→ **Aim of the task**: Repeat the listing that follows, character for character, minus the pictures.

→ **Given information**:
☆ ☆ ☆ ☆ ☆

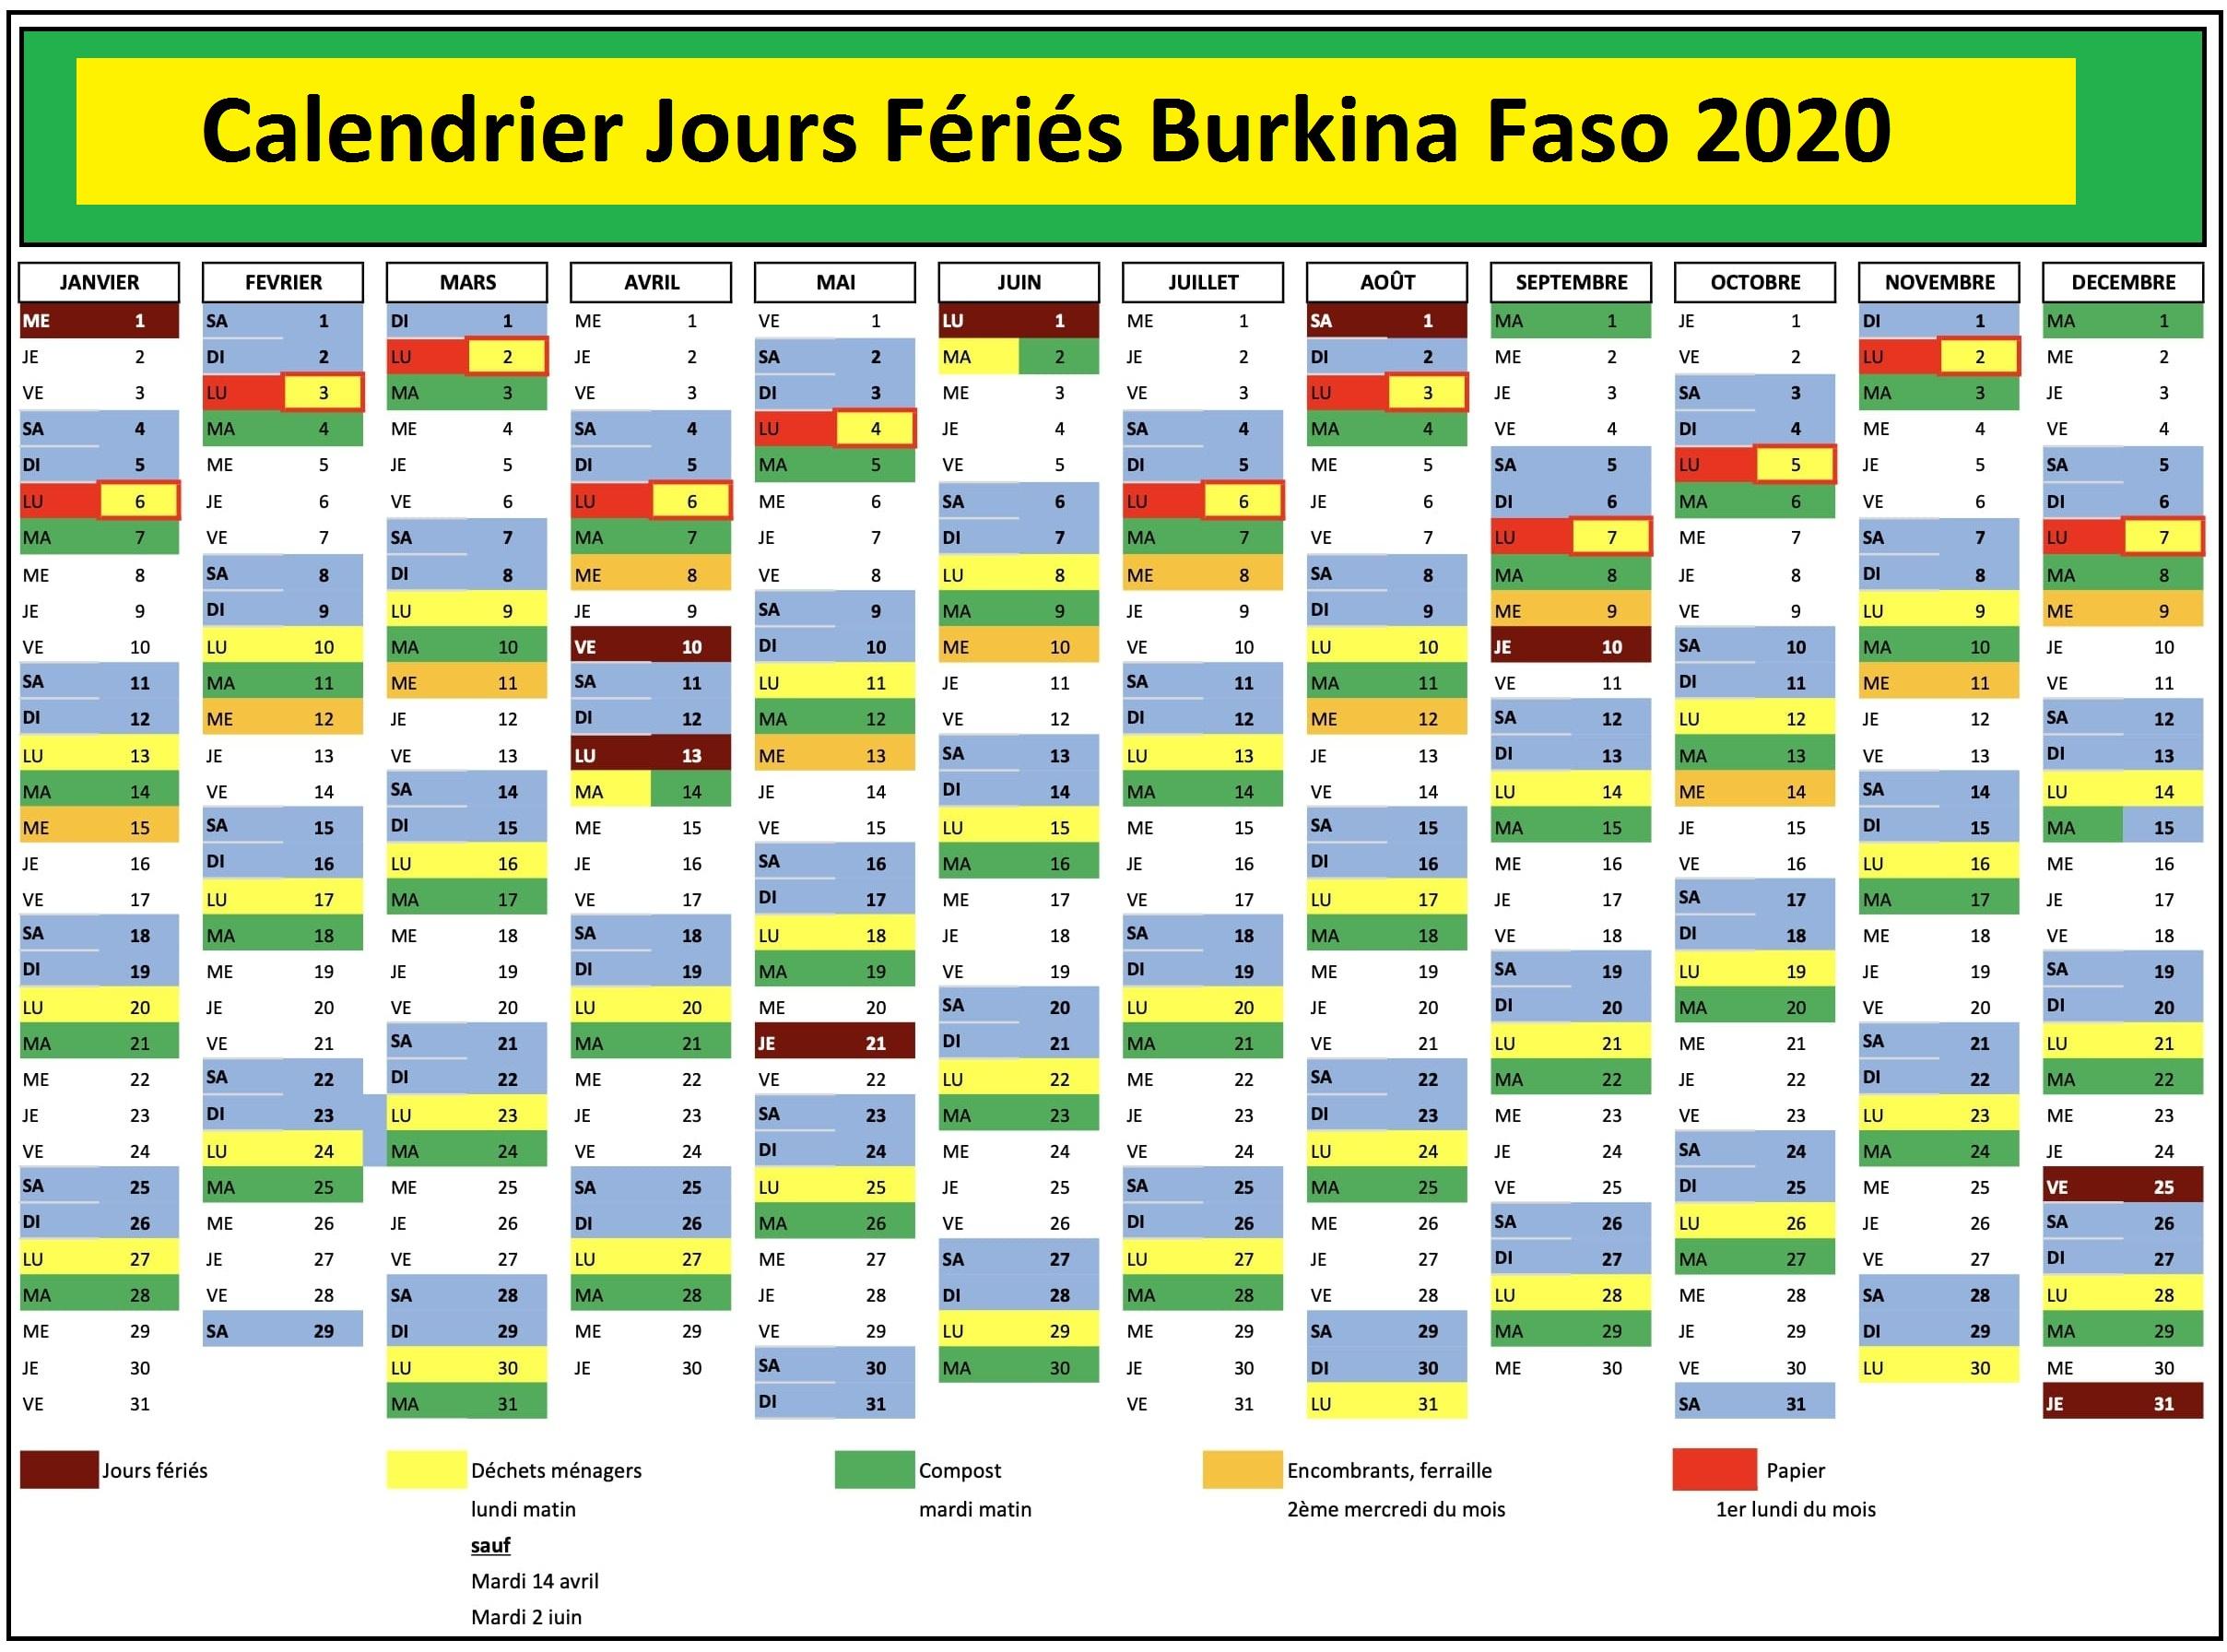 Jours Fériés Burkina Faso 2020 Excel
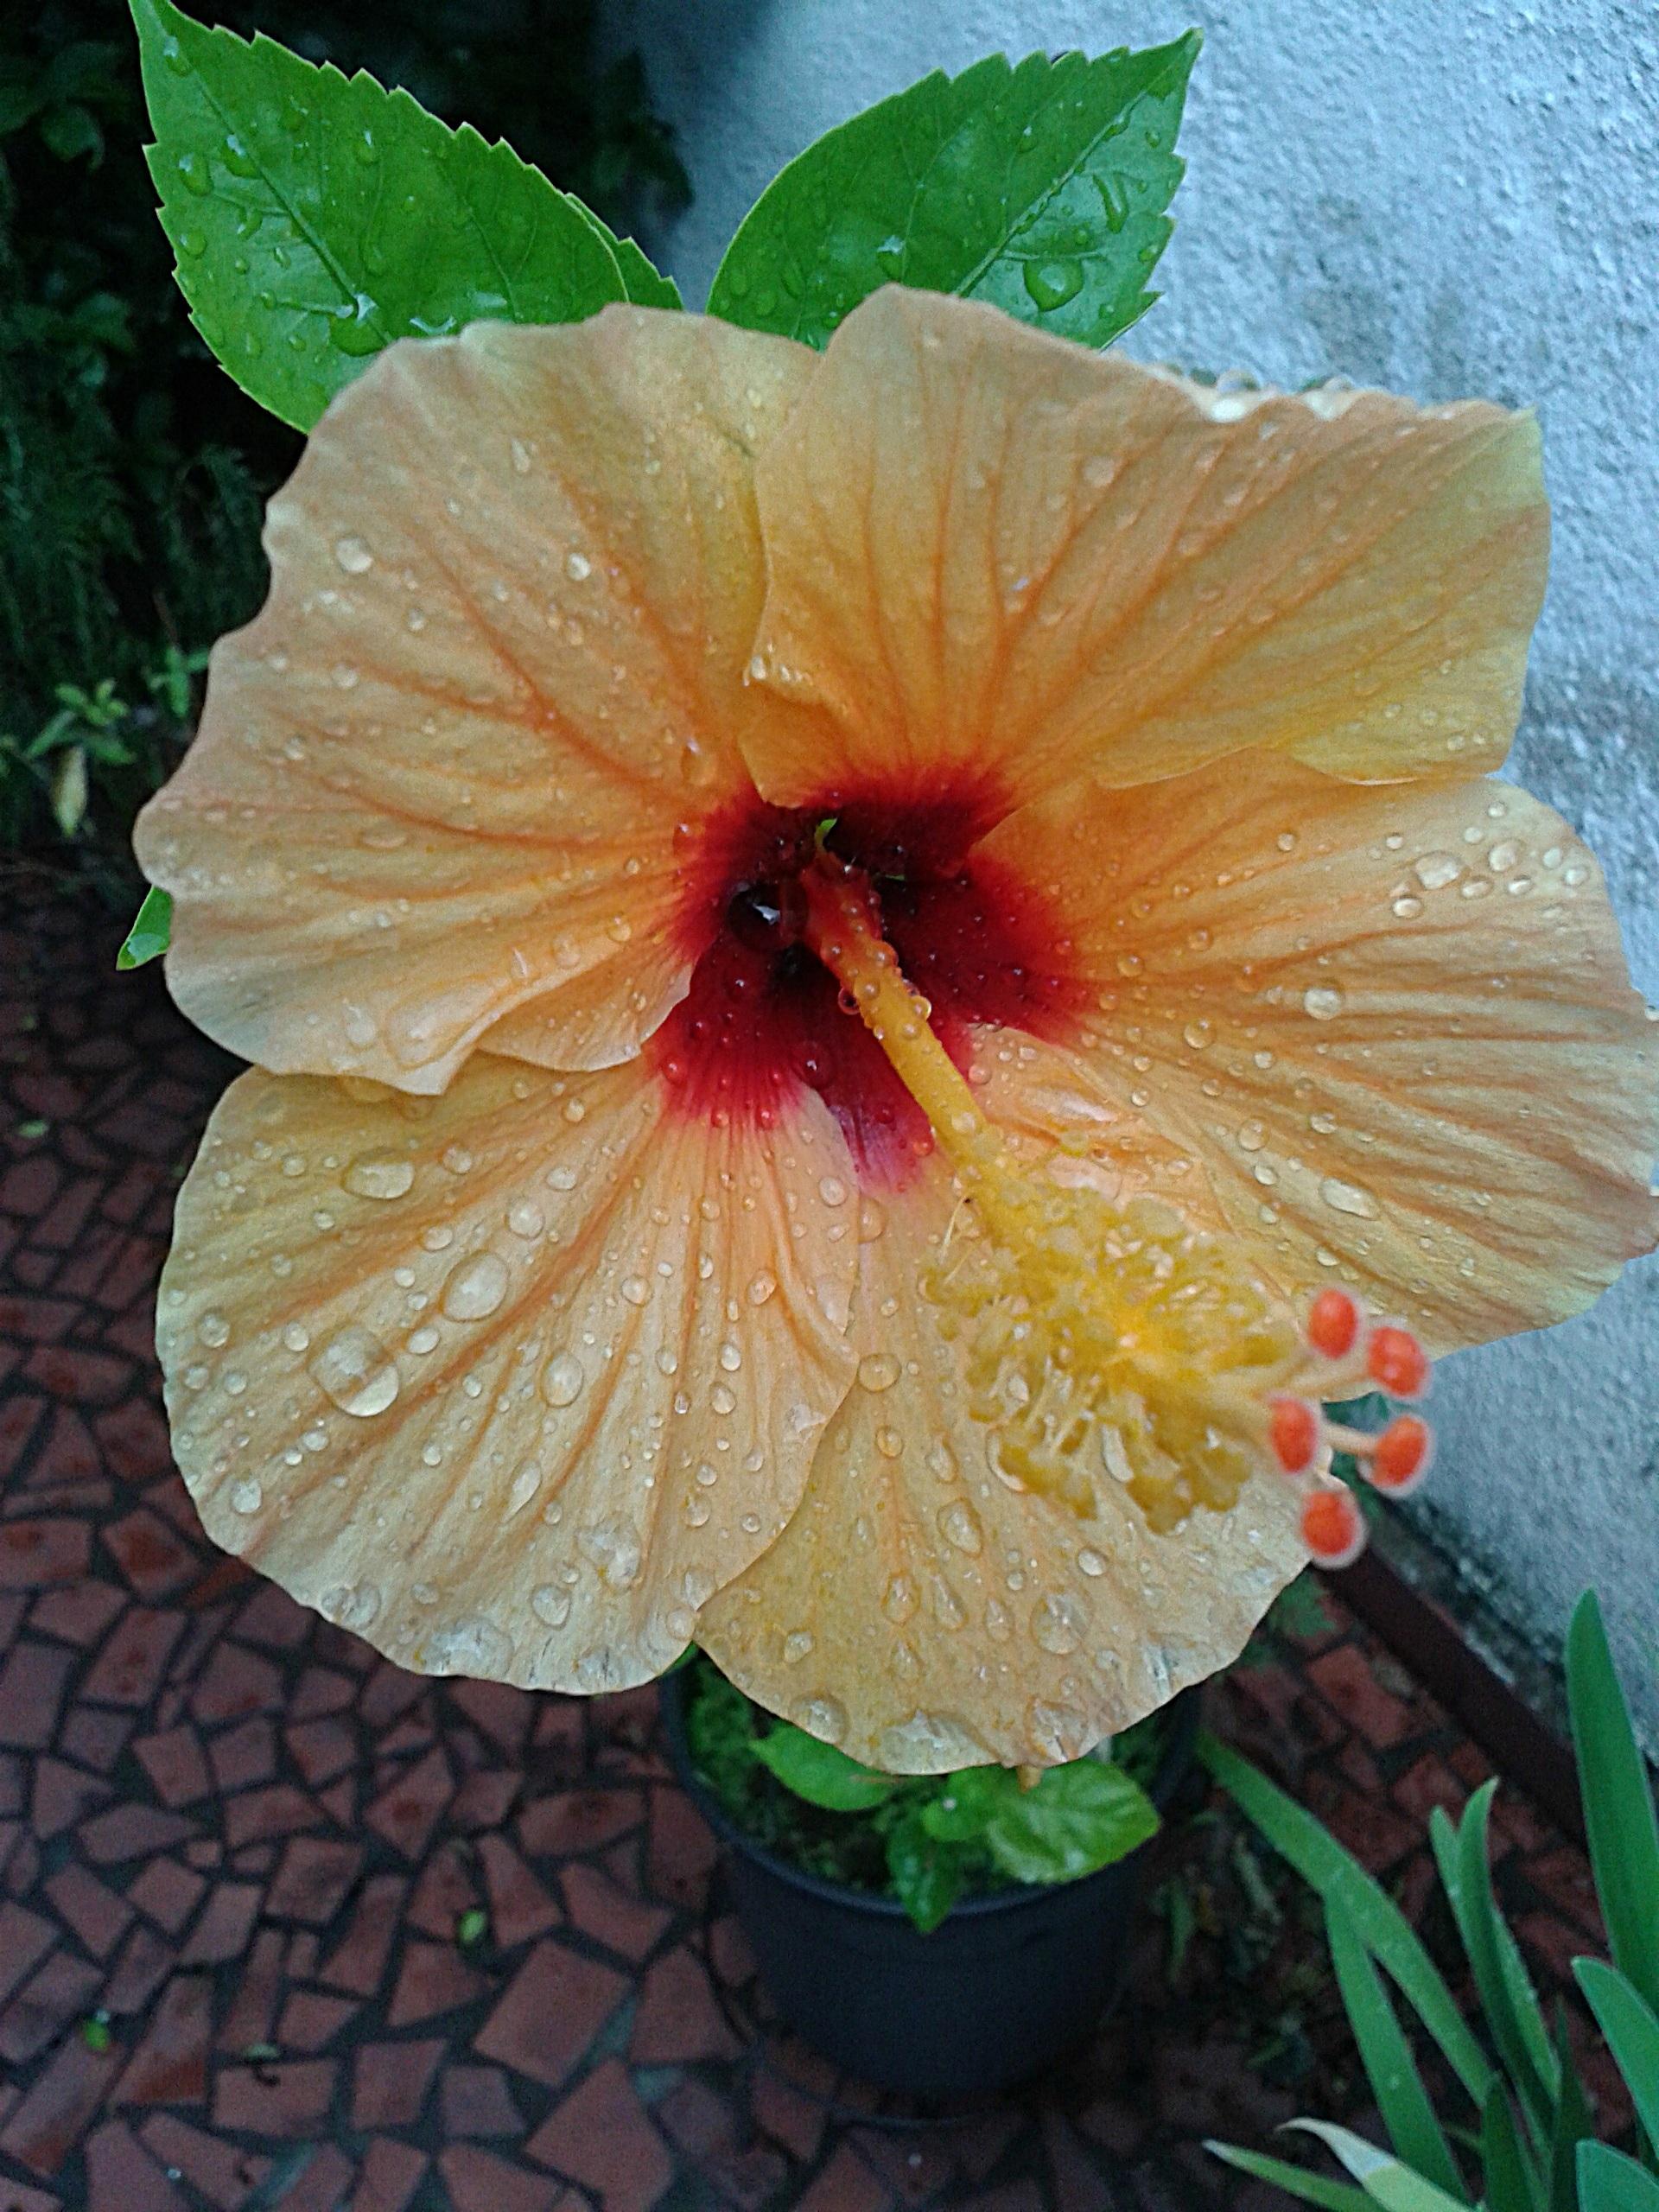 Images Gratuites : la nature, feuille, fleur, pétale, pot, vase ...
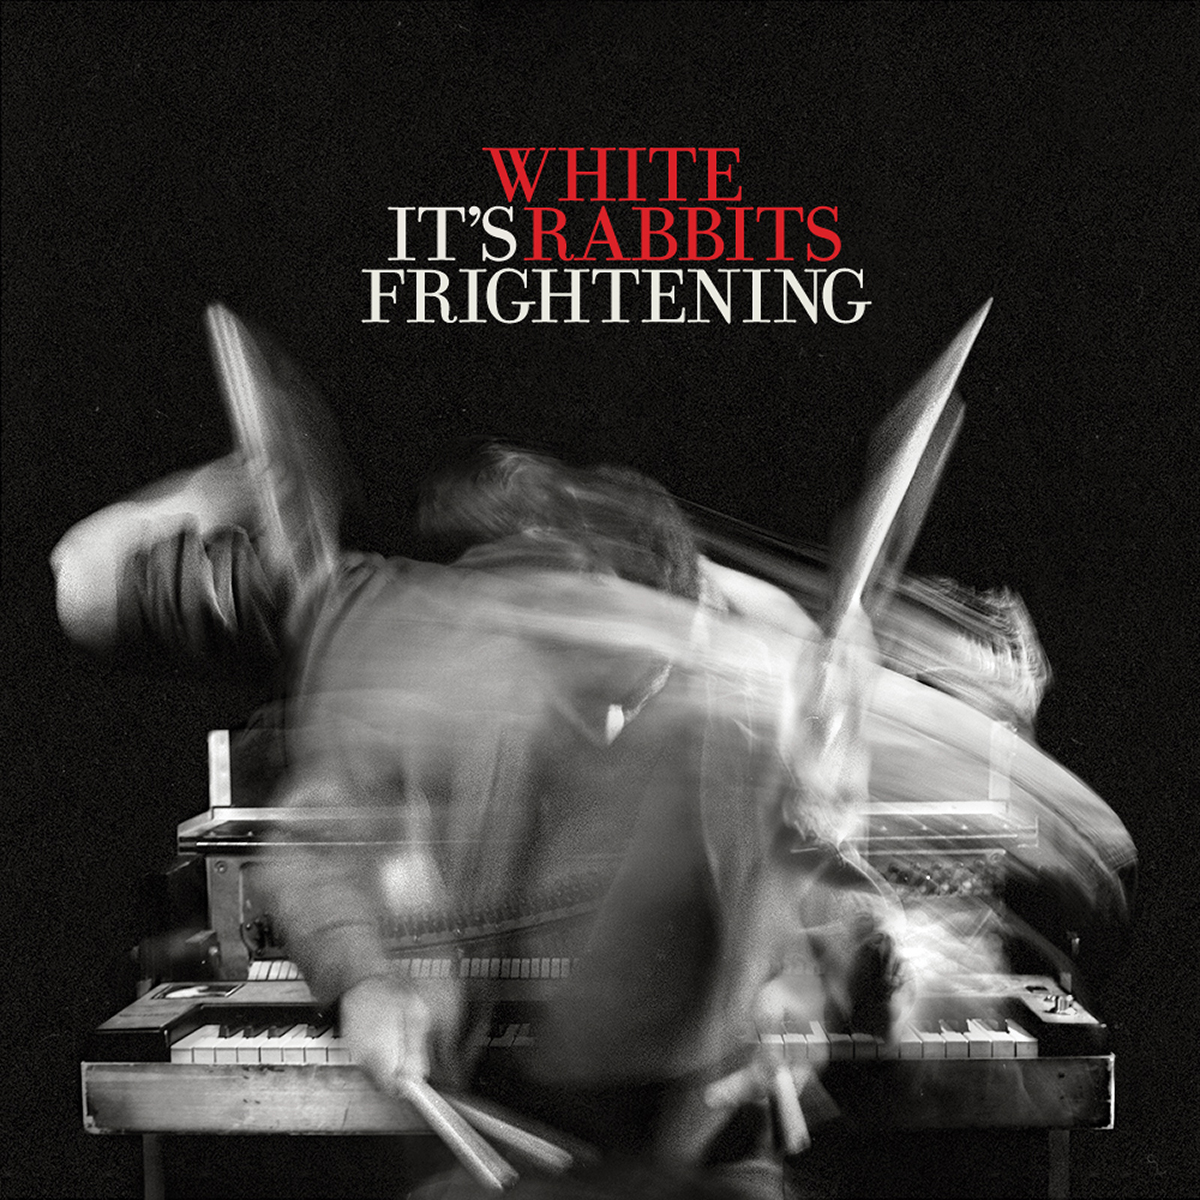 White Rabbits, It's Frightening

☆ ☆ ☆ ☆ ☆

→ **Problem solution**:
 Jours Fériés Burkina Faso 2020 Excel
 Images Gratuites : la nature, feuille, fleur, pétale, pot, vase ...
 White Rabbits, It's Frightening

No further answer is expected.